PostPosted: Mon Nov 26, 2012 4:38 am    Post subject: Reply with quote

In my opinion, there are a few too many principles which are not proven to be wholly beneficial.

One is this idea that you need to make mistakes to learn. I make a lot of mistakes at chess so by now should be a grandmaster. My point is a logical one. I think the faulty logic runs like this: the fear of making mistakes hampers learning, therefore making mistakes is the key to learning. It could well be that because people typically make mistakes in the process we assume that it is a necessary part of it, as opposed to being something to be expected and helped through. (n.b. BF Skinner's errorless learning techniques, which I guess are a bit Callan-ish; this doesn't make me a proponent of the Callan method, just adding a few more bricks to my construction.)

Another mis-principle is the one which says that some L1 is a bad thing. Now I agree that we don't want students wasting too much time not learning L2 when they only have a limited time to absorb it. However, if teachers spend a lot of time miming or students are forever looking up words in dictionaries, then a lot of time is wasted in another time. To be able to give a quick definition is a time-saver at any level.

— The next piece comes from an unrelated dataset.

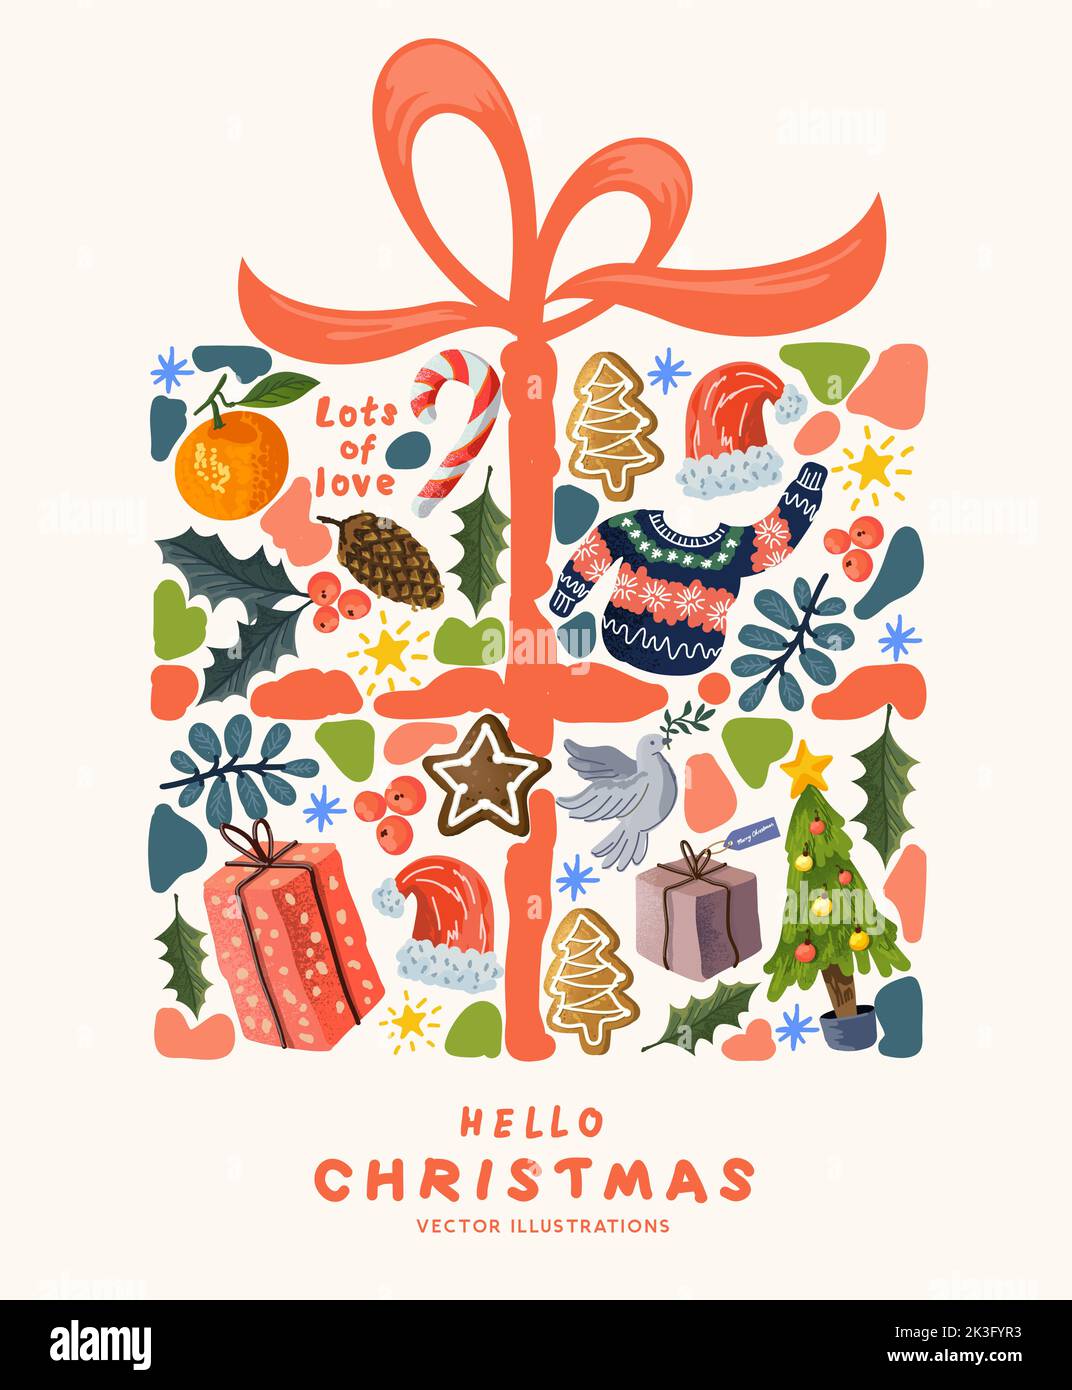 Regalo de Navidad envuelto en diseños decorativos hechos a mano que incluyen plantas, luces y delicias festivas. Ilustración vectorial. Ilustración del Vector

My own opinion is that as the student does not have the constant reinforcement of language provided to the native speaker child, we should not pretend that they have. We can use L1 explanations and vocabulary to some extent, as long as students are increasingly shepherded towards L2 via instructions in English and building upon their acquired knowledge. By the time students get to intermediate levels of learning, they should be using their current edifice of language on which to build, so the use of L2 becomes greater and greater, and L1 less and less.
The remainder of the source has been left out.